Land of the white lilies as the name means in Tibetan, is a quiet and beautiful little hamlet, situated at an altitude of 4658 ft. and is a haven for adventure and nature lovers. The hamlet is famed for it being home to the famous white lilies.
So…we reached Kurseong at 12 noon. Since I had cottage, which belonged to me, I did not have to unload in a hotel. Although, I had invited Mr. Banerjee and his family to stay at my cottage, they had to stay in the nearby Kurseong Tourist Lodge, run by the West Bengal State Government; since they had reserved it prior to their trip. However, they come for the dinner by the bonfire. Ramu Kaka (the caretaker of my cottage had prepared some delicious Dishi Murgir Jhol (curry prepared of jungle fowl meat with potatoes, cooked with typical Bengali ingredients) and white rice. This certainly served as sumptuous meal. With stories and songs, the music ended well.
The next morning, while Mrs. Banerjee and little Sneha went to pay a visit to the white orchid garden, Mr. Banerjee and I, decided that we should go for a short walk through the tea garden and through the lush green Cryptomaria Japonica forest to the nearby village, for a cup of Chai (tea) in earthen pots. After that, we met up with Mrs. Banerjee and Sneha and decided to go on a ride on the hot-air balloon. Once in the air, little Sneha was mesmerized by the beauty she beheld, of the land below, from the air balloon.
Our day ended with a visit to a local 19th century Church and then with dinner at White Orchid Restaurant where we ate delicious continental dishes. We had to go to bed early; since next morning, we’d be going to Kalimpong.
We woke up early next morning,( Ramu Kaka had already packed us a delicious breakfast) we boarded Tej Bahadoor’s jeep and set out for Kalimpong.
The sleepy little town is blissfully located on an altitude of 3998 ft above the sea-level and is some 50 kms away from Darjeeling and used to be a part of the Old Silk Route. The hamlet once belonged to the Bhutanese minister, as its name suggests in Tibetan Tongue. The hamlet is home to some of the oldest Buddhist monasteries in India.

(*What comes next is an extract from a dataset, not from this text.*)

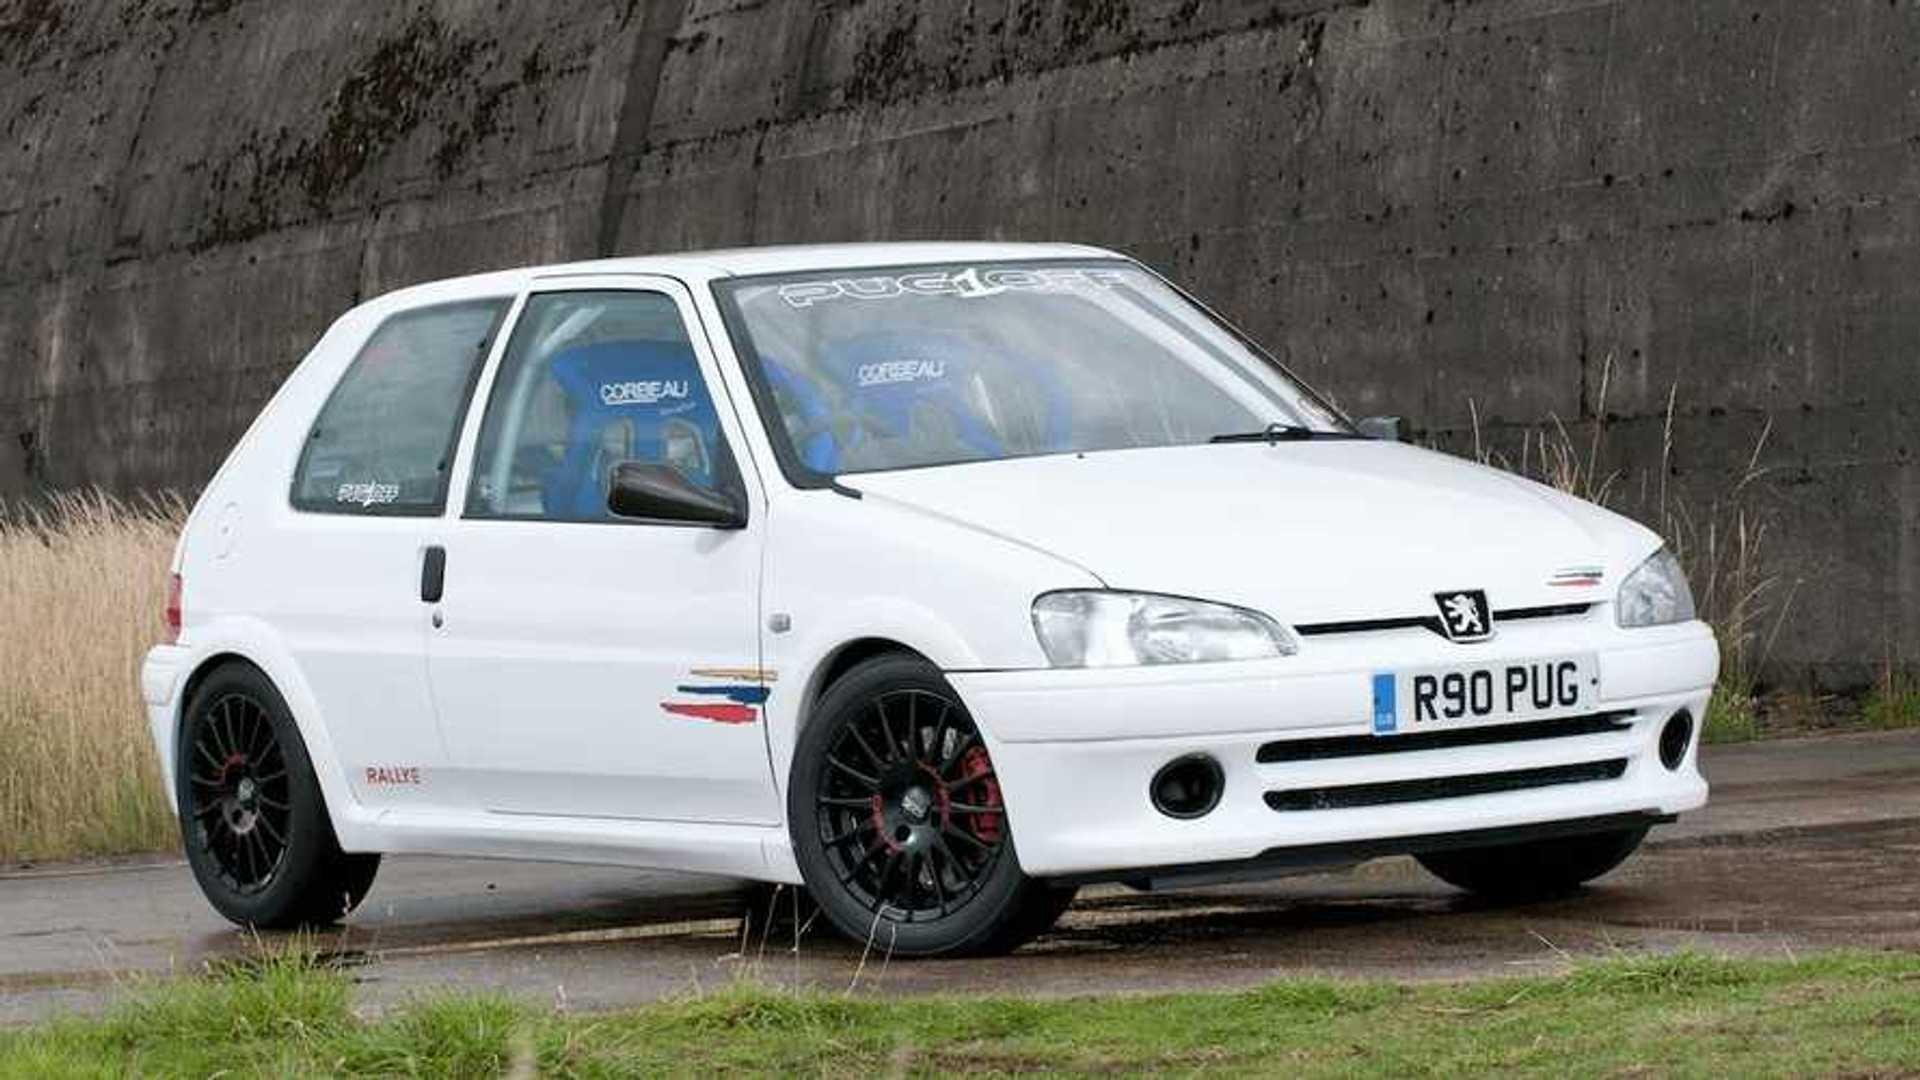 Peugeot 106 Rallye Buying Guide

Coming back to my trip, we reached Kalimpong at 2 in the afternoon, and since Mr. Banerjee had already pre-booked a room for me in the Cochrane Palace. After having freshened up we paid a visit to the local monastery, during which time a huge lot of questions were shot upon Mr. Banerjee and I , by our little Sneha. It was actually fun answering her questions. Then the calm of the night drew nigh, and after dinner, we went to bed.
Next, morning three of us went for the Mass at the local Catholic Church, then for a game of golf at the Army Golf Club. Then after breakfast, we went to the oldest monastery located in Cockety. After some local site-seeing we came back to our hotel. As the day ended, so did our trip.
Next morning, we bid farewell to this beautiful hamlet, and Tej Bahadoor drove us down through the lush green valleys, back to Bagdogra Airport. As the Banerjees and I, parted our ways; with tearful eyes, a lot remains in our memories.